▶ _Exercise brief_:
Transcribe the listing exactly as written. Leave the images out.

▶ _Supplied material_:
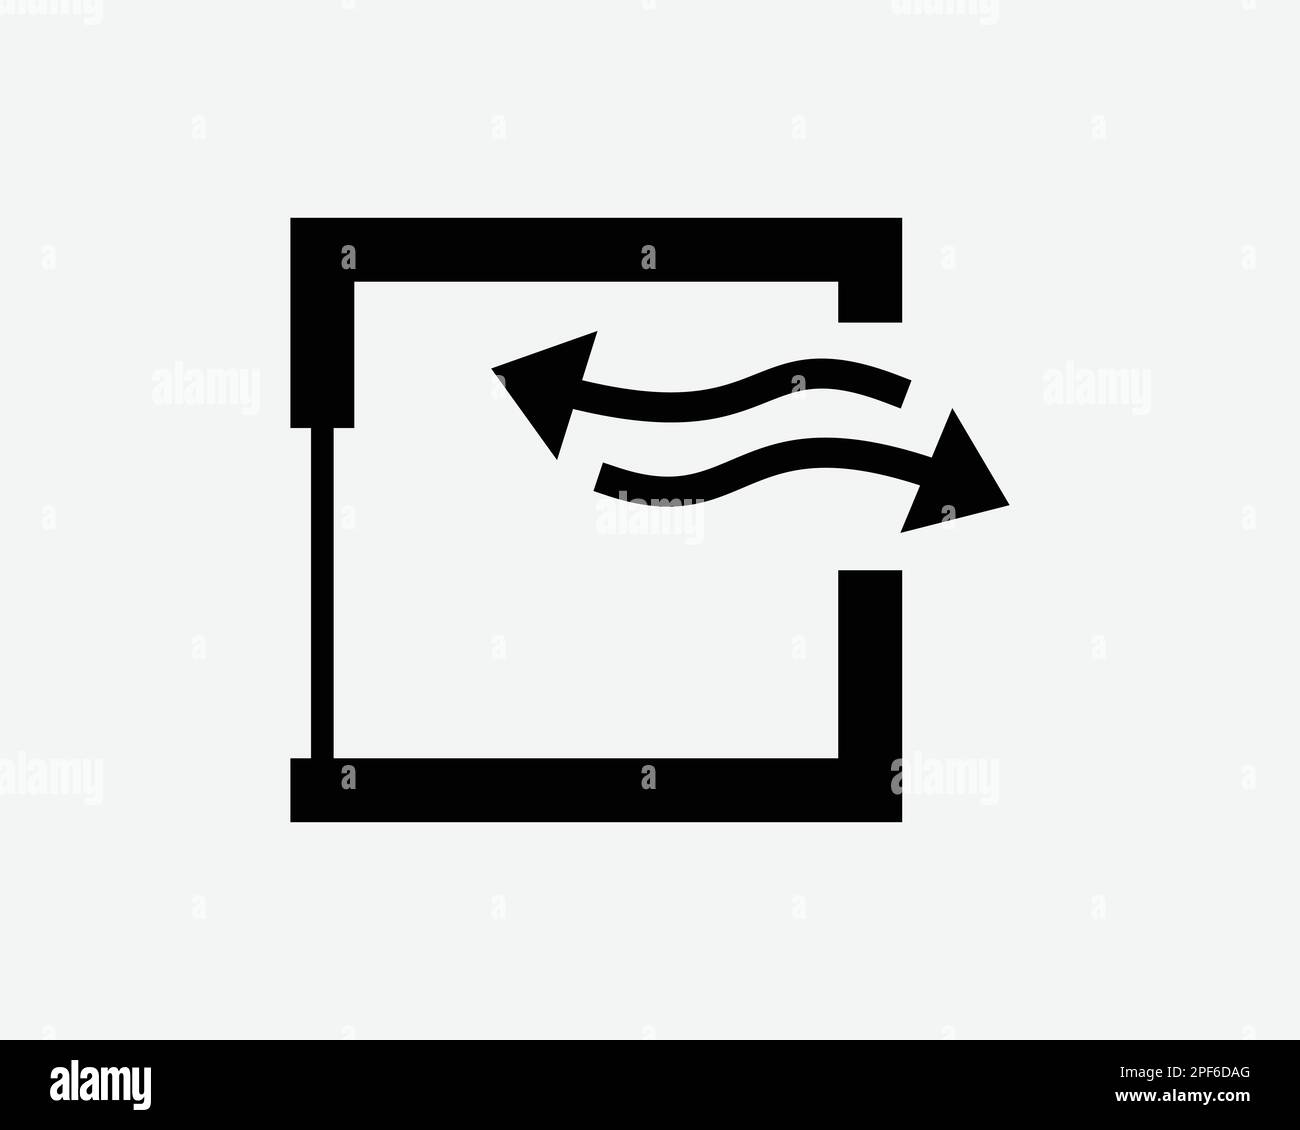 Ventilation Opening Window Air Flow Exchange Ventilate Black White Silhouette Symbol Icon Sign Graphic Clipart Artwork Illustration Pictogram Vector Stock Vector
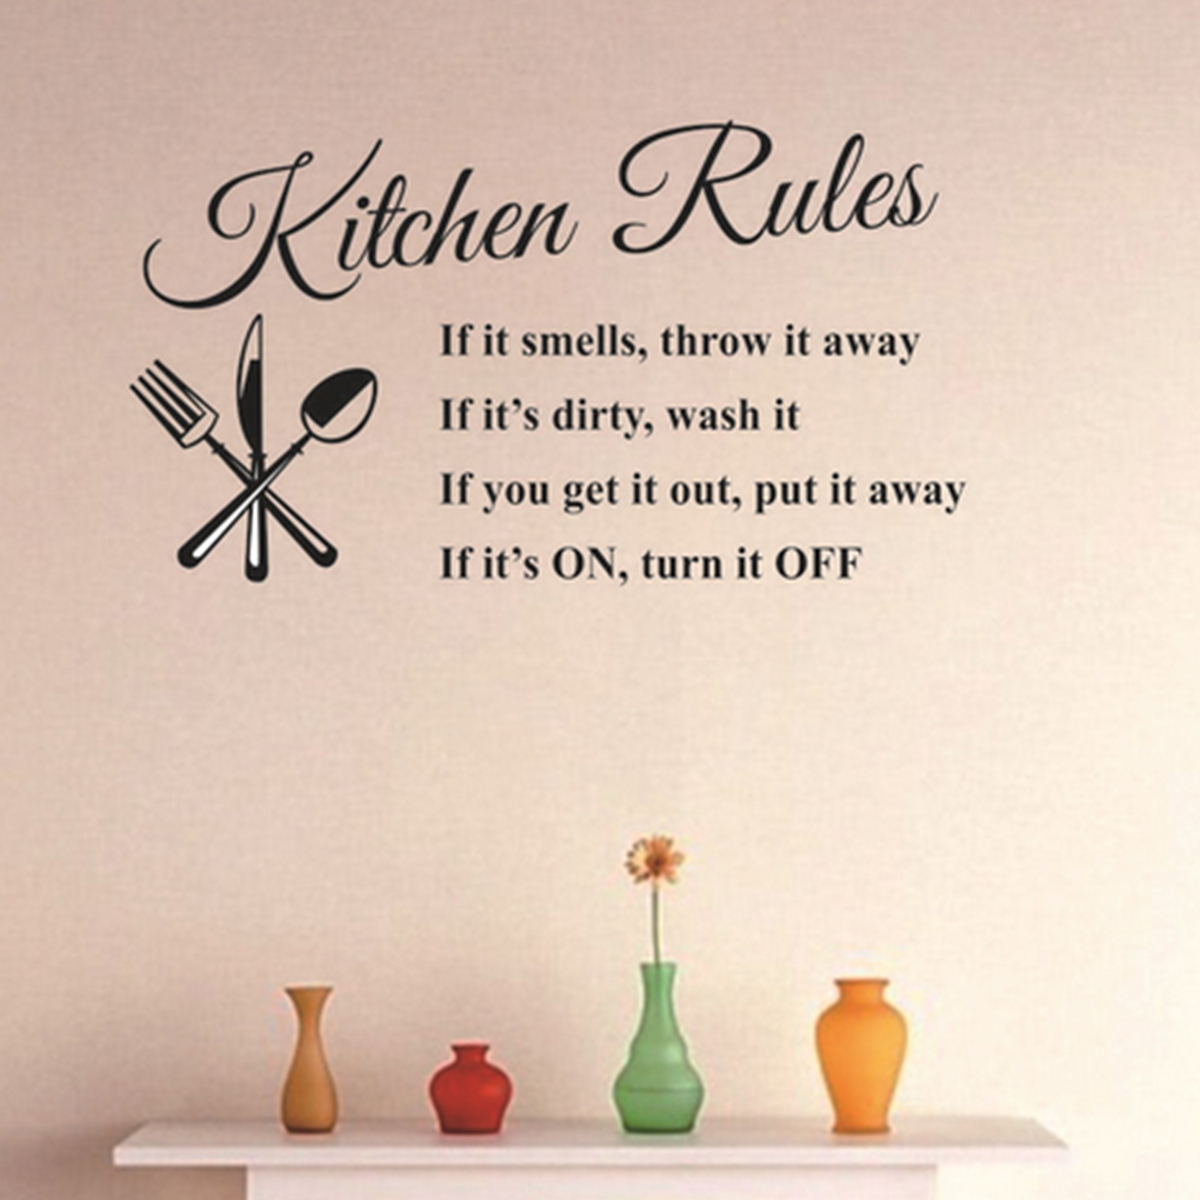 Find Kitchen Rules Wall Stickers Door Sign Vinyl DIY Wallpaper Wall Decal Home Restaurant Kitchen Wall Decor for Sale on Gipsybee.com with cryptocurrencies
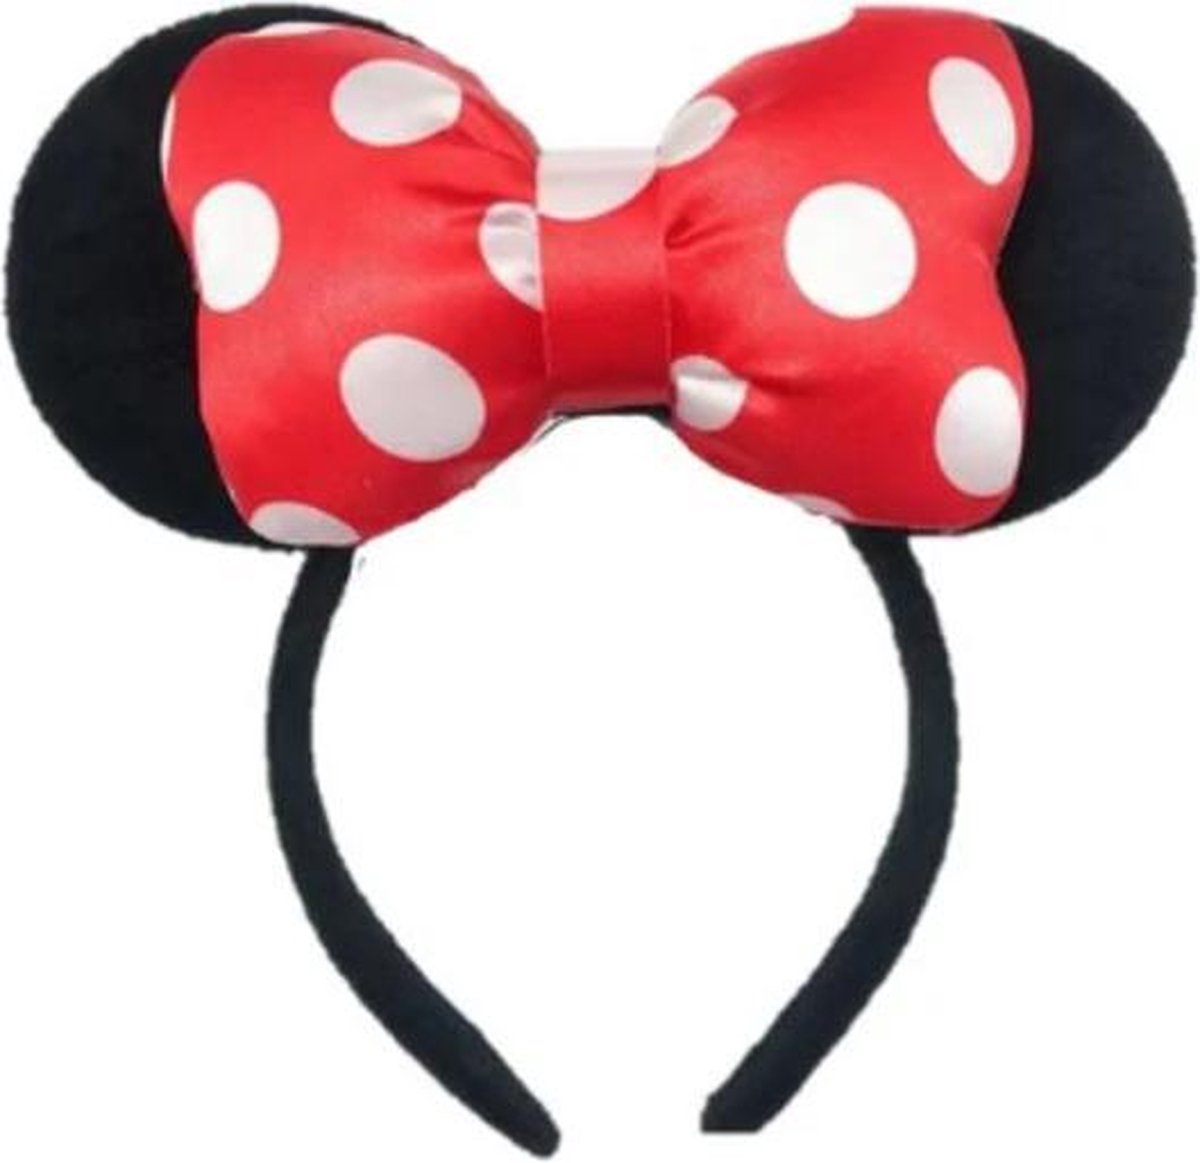 Minnie Mouse, Mickey Mouse, diadeem, luxe, 3D, rood stippen | bol.com
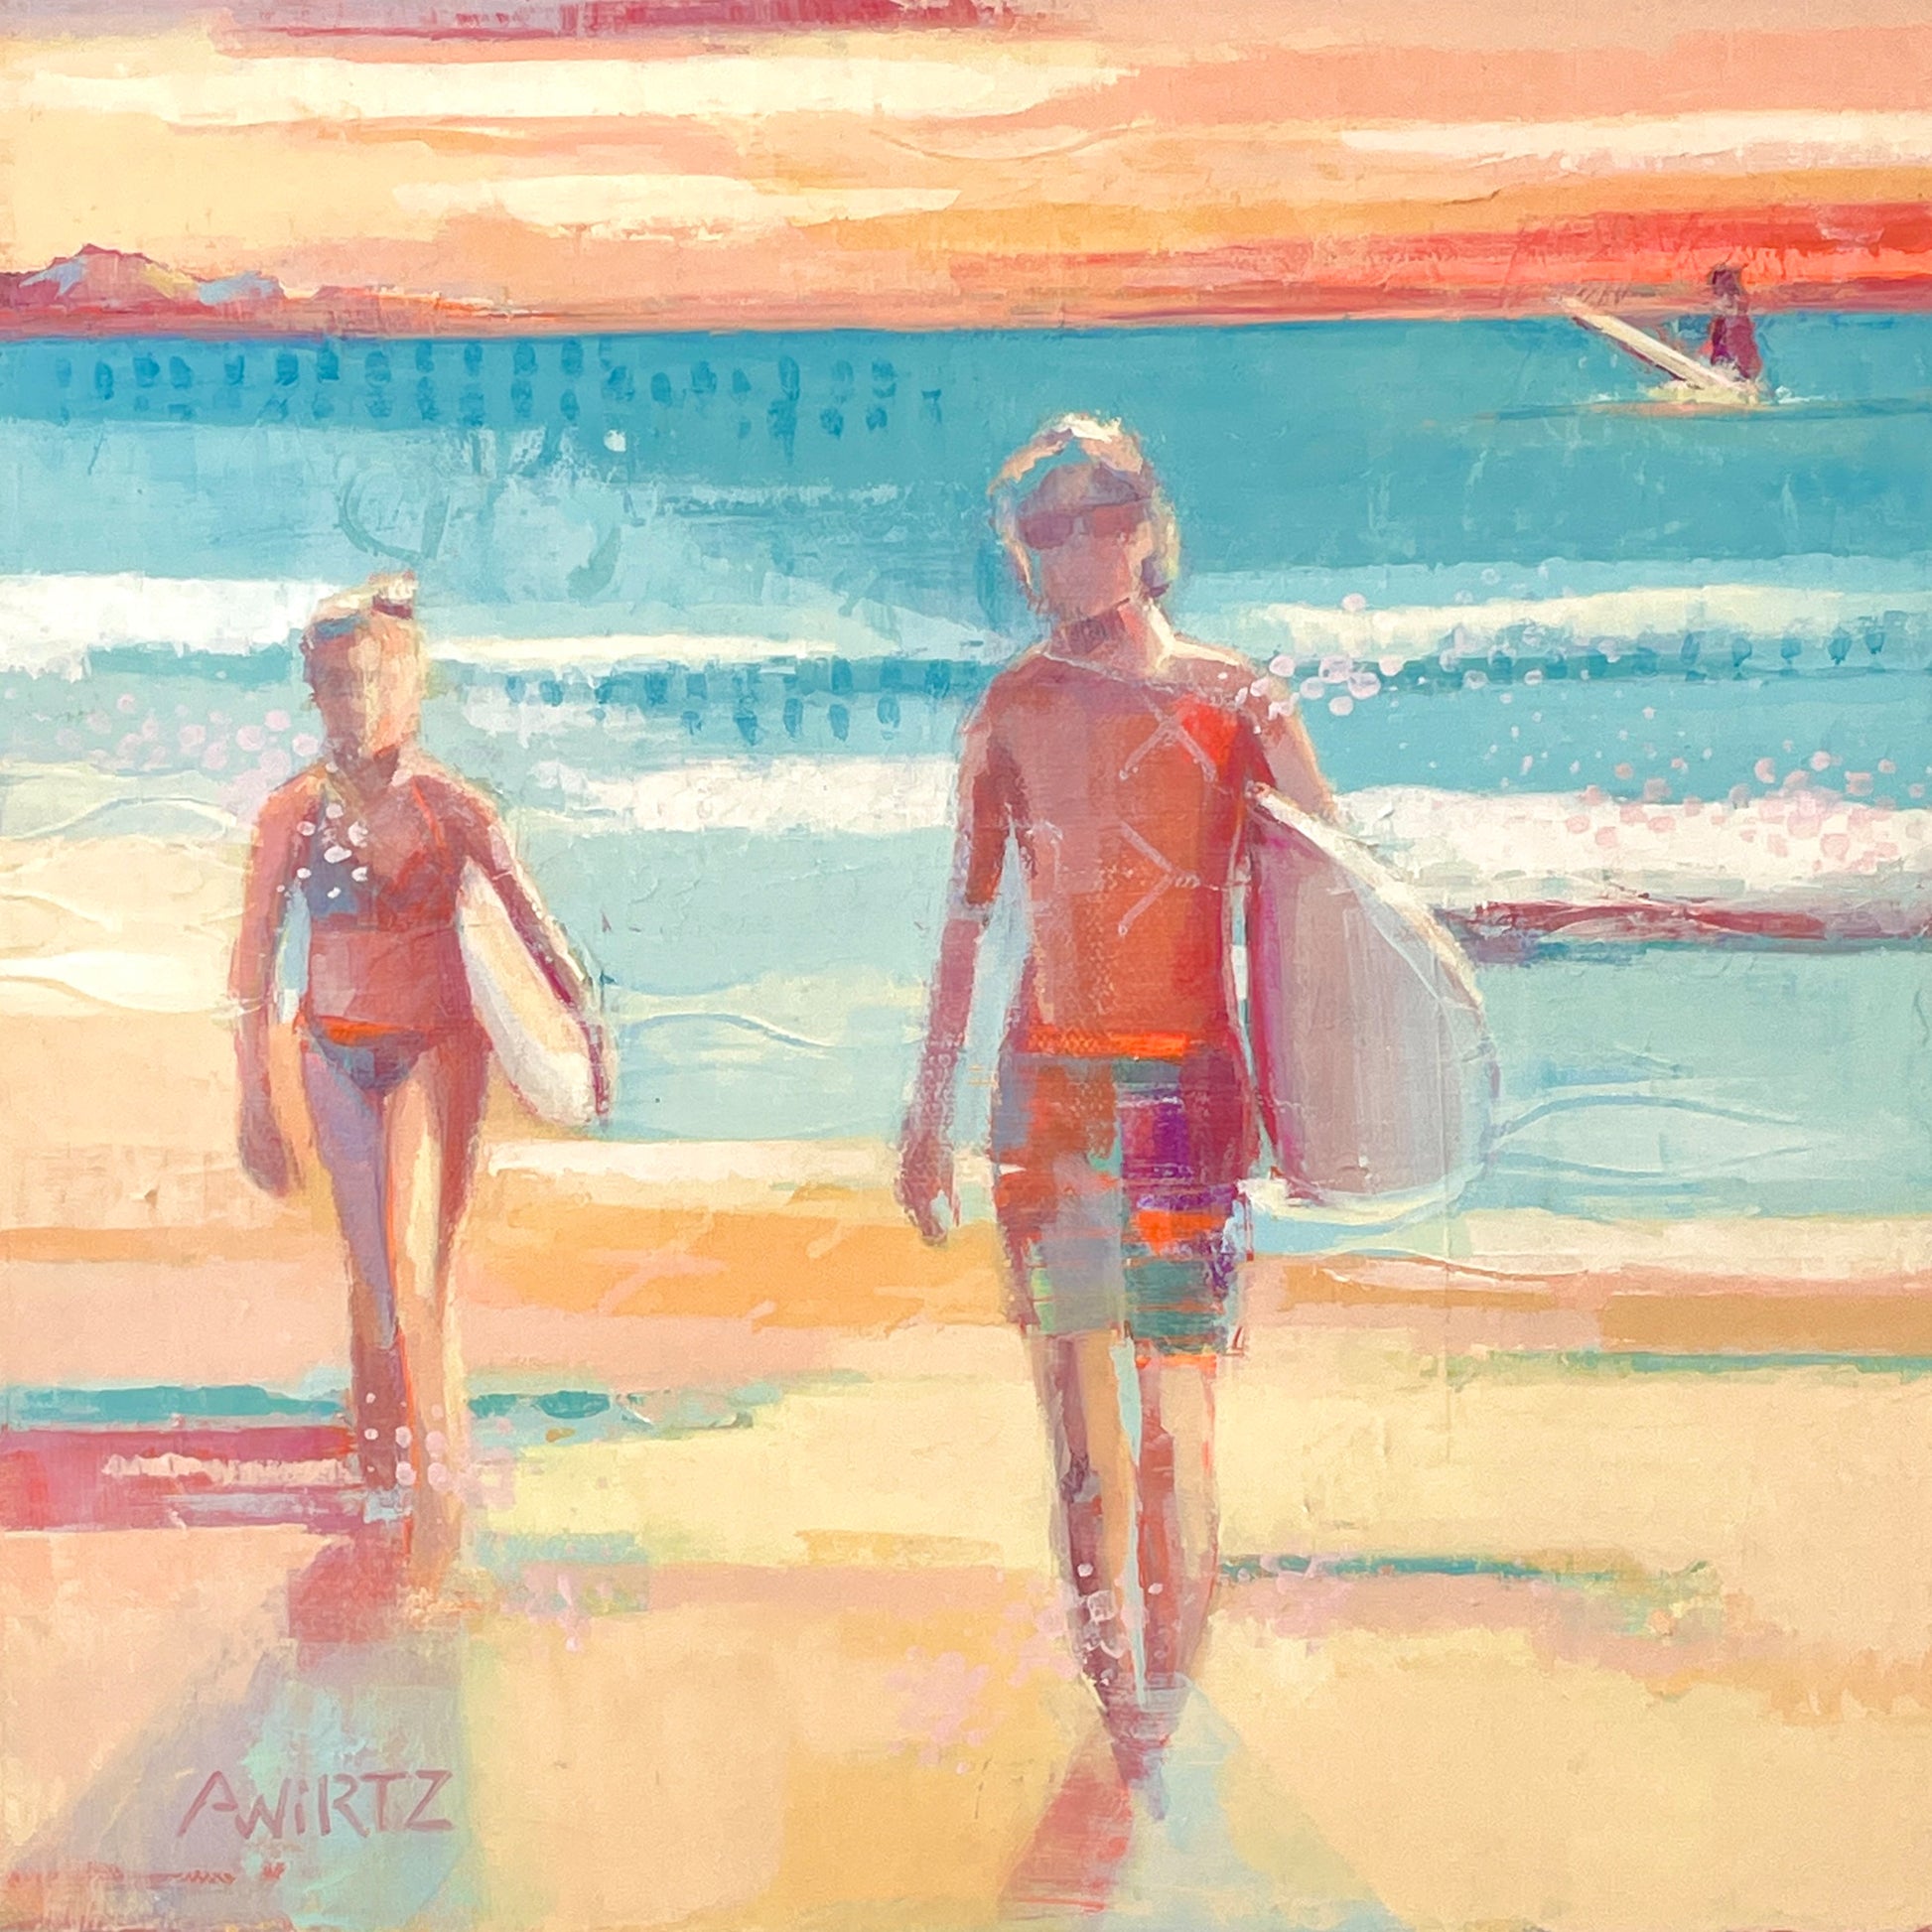 A bright and contemporary acrylic painting on canvas. This painting perfectly describes the end of a surf day. Layered with bright beachy colors with rich textures and patterns this small painting packs a punch and would brighten any space with fun California vibes.

▶ _Solution to this task_:
 Ventilation Opening Window Air Flow Exchange Ventilate Black White Silhouette Symbol Icon Sign Graphic Clipart Artwork Illustration Pictogram Vector Stock Vector
 Find Kitchen Rules Wall Stickers Door Sign Vinyl DIY Wallpaper Wall Decal Home Restaurant Kitchen Wall Decor for Sale on Gipsybee.com with cryptocurrencies
 Minnie Mouse, Mickey Mouse, diadeem, luxe, 3D, rood stippen | bol.com
 A bright and contemporary acrylic painting on canvas. This painting perfectly describes the end of a surf day. Layered with bright beachy colors with rich textures and patterns this small painting packs a punch and would brighten any space with fun California vibes.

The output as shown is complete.